▽

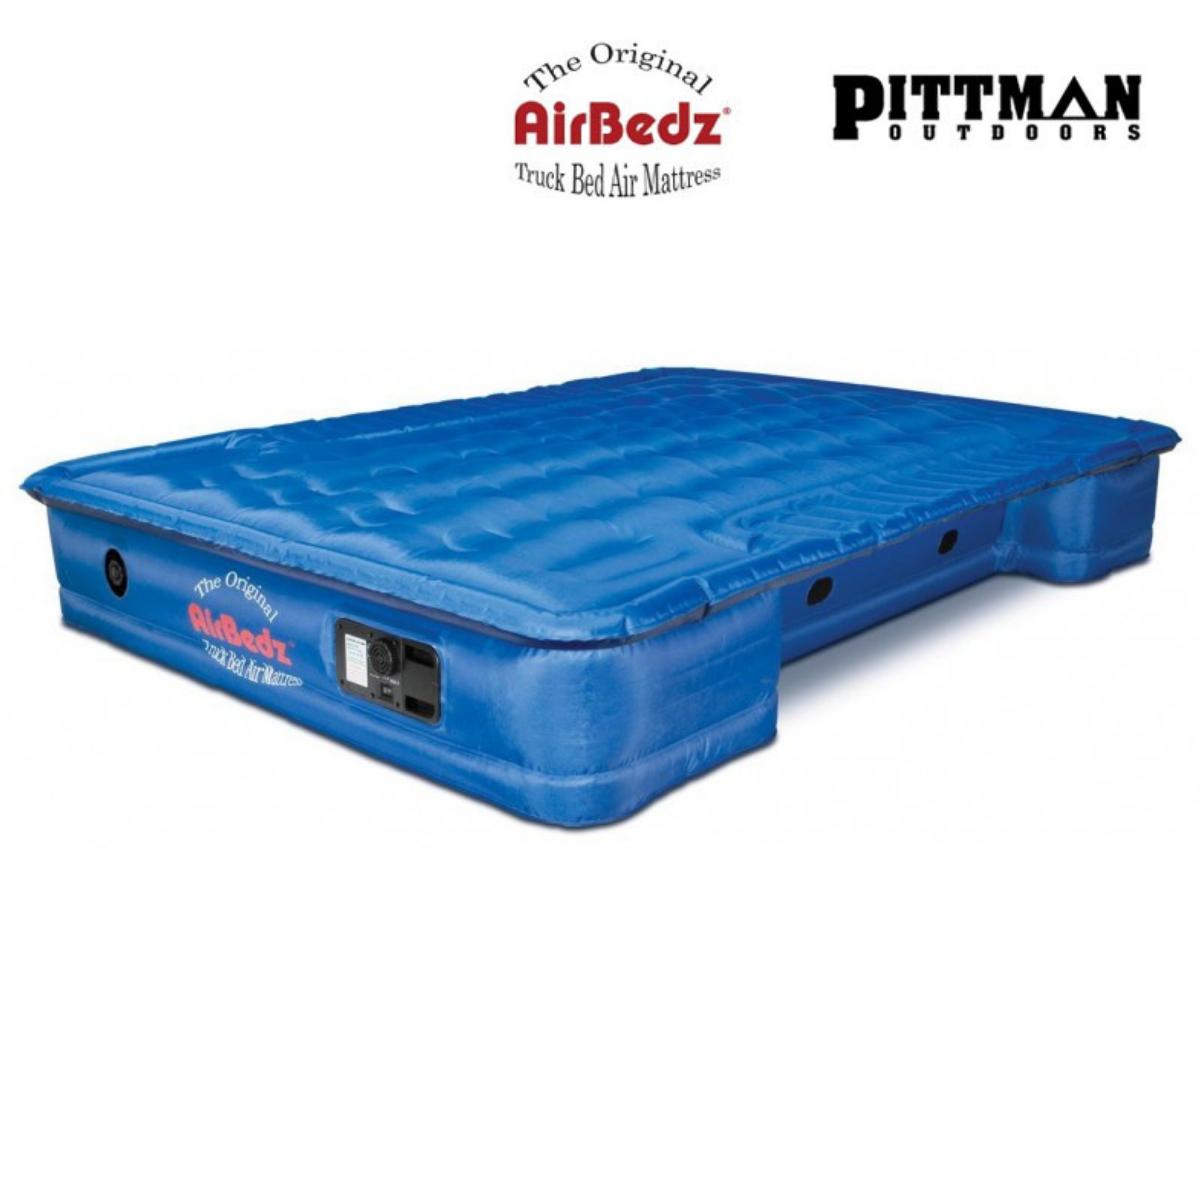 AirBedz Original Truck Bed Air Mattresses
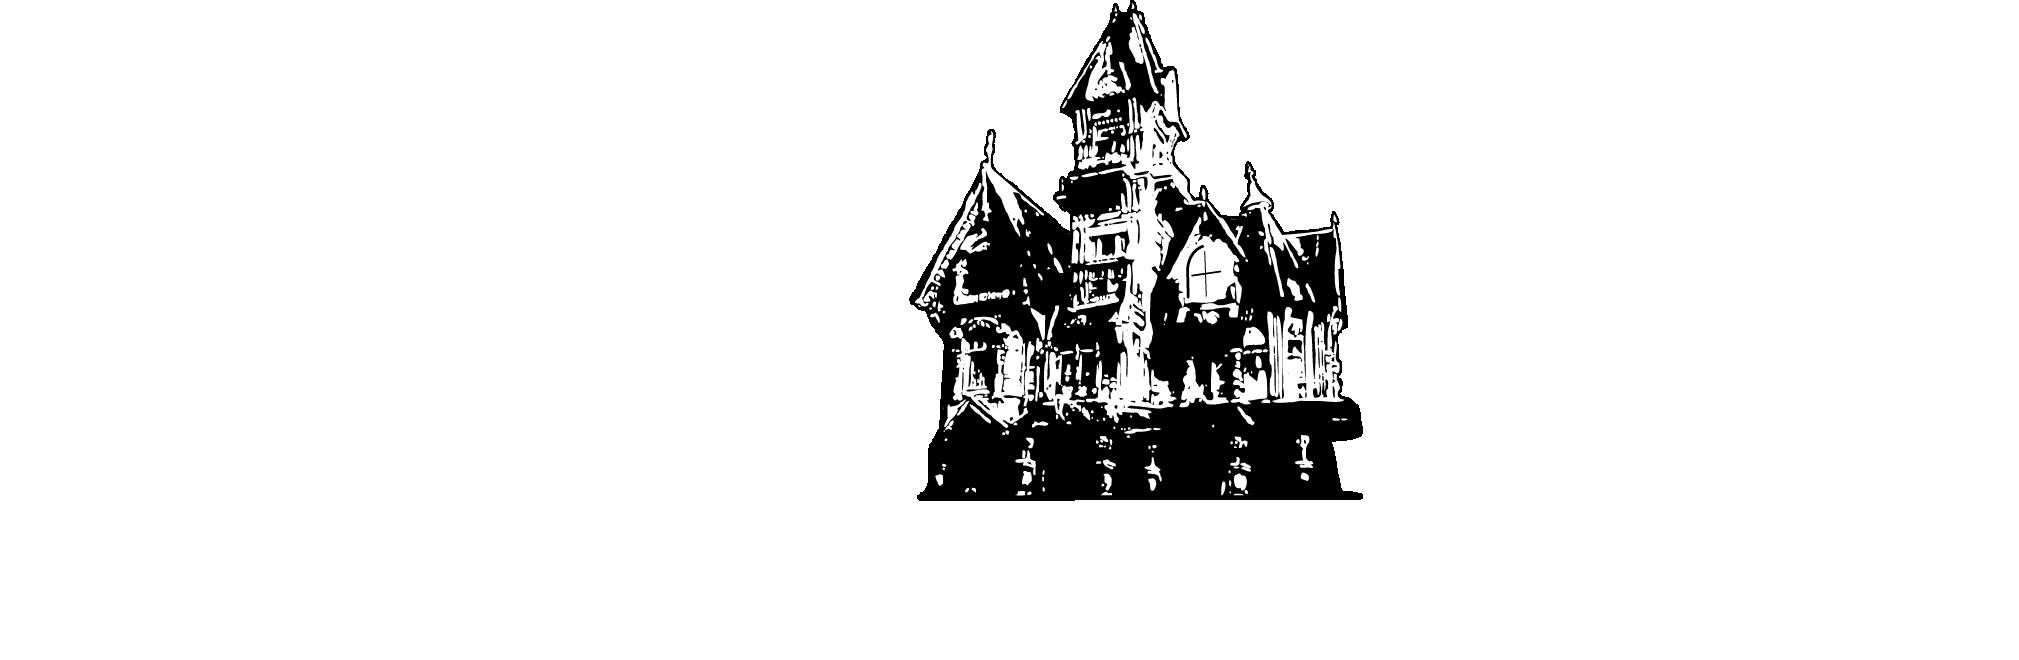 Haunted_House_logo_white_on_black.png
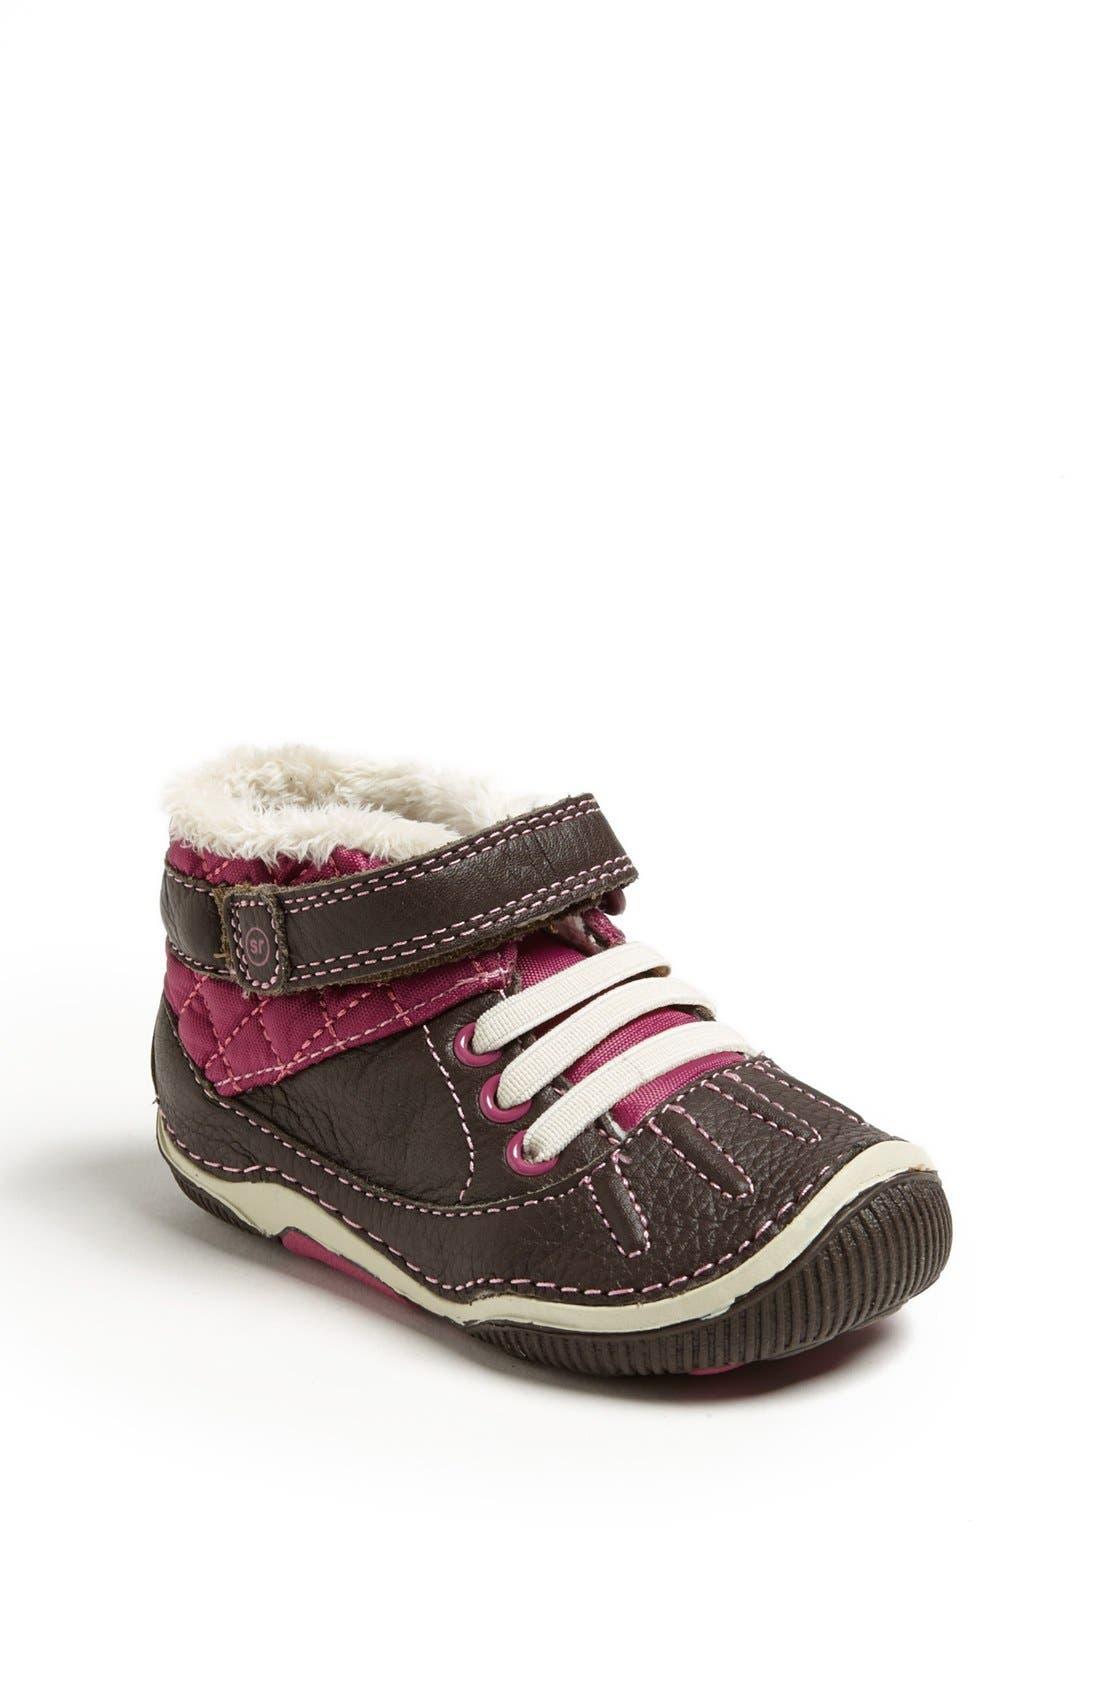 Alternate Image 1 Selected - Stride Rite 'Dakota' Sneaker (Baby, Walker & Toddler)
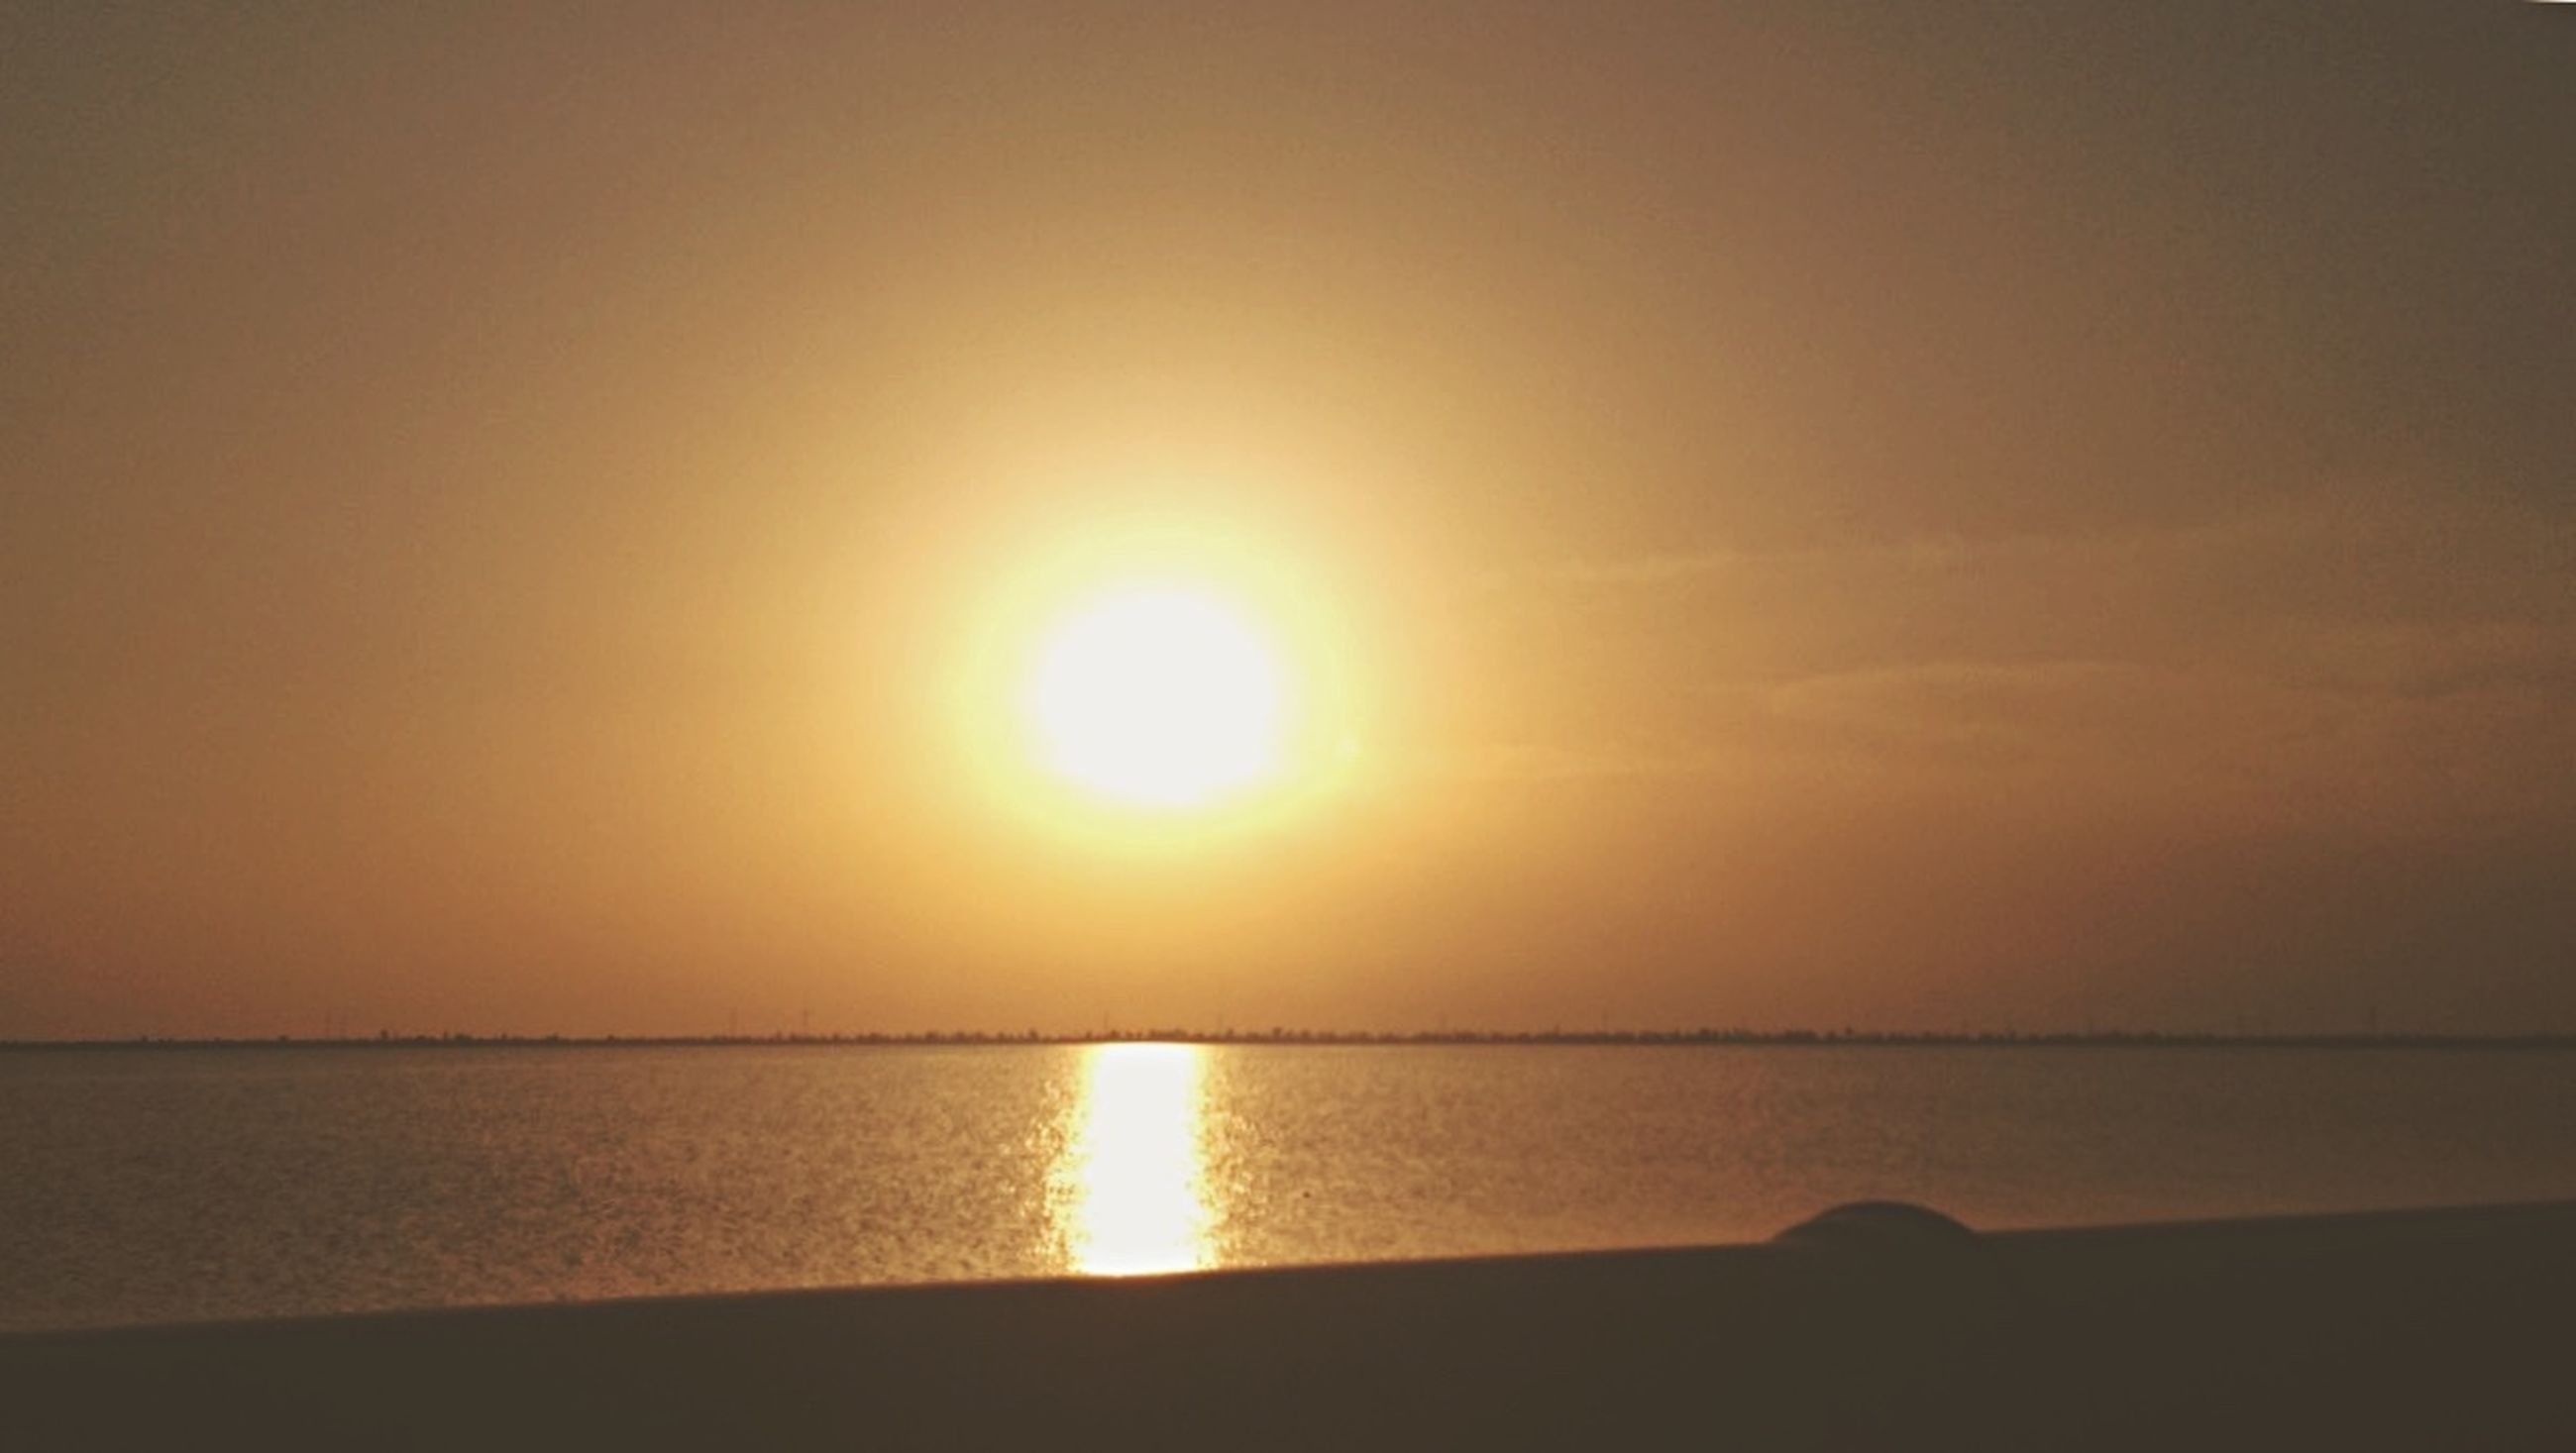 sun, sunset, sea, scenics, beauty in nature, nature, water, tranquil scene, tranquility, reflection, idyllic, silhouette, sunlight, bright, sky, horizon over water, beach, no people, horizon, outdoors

△

**WORK INSTRUCTION**
Reproduce the material above exactly but drop all images.

**FINAL ANSWER**
 AirBedz Original Truck Bed Air Mattresses
 Haunted_House_logo_white_on_black.png
 Alternate Image 1 Selected - Stride Rite 'Dakota' Sneaker (Baby, Walker & Toddler)
 sun, sunset, sea, scenics, beauty in nature, nature, water, tranquil scene, tranquility, reflection, idyllic, silhouette, sunlight, bright, sky, horizon over water, beach, no people, horizon, outdoors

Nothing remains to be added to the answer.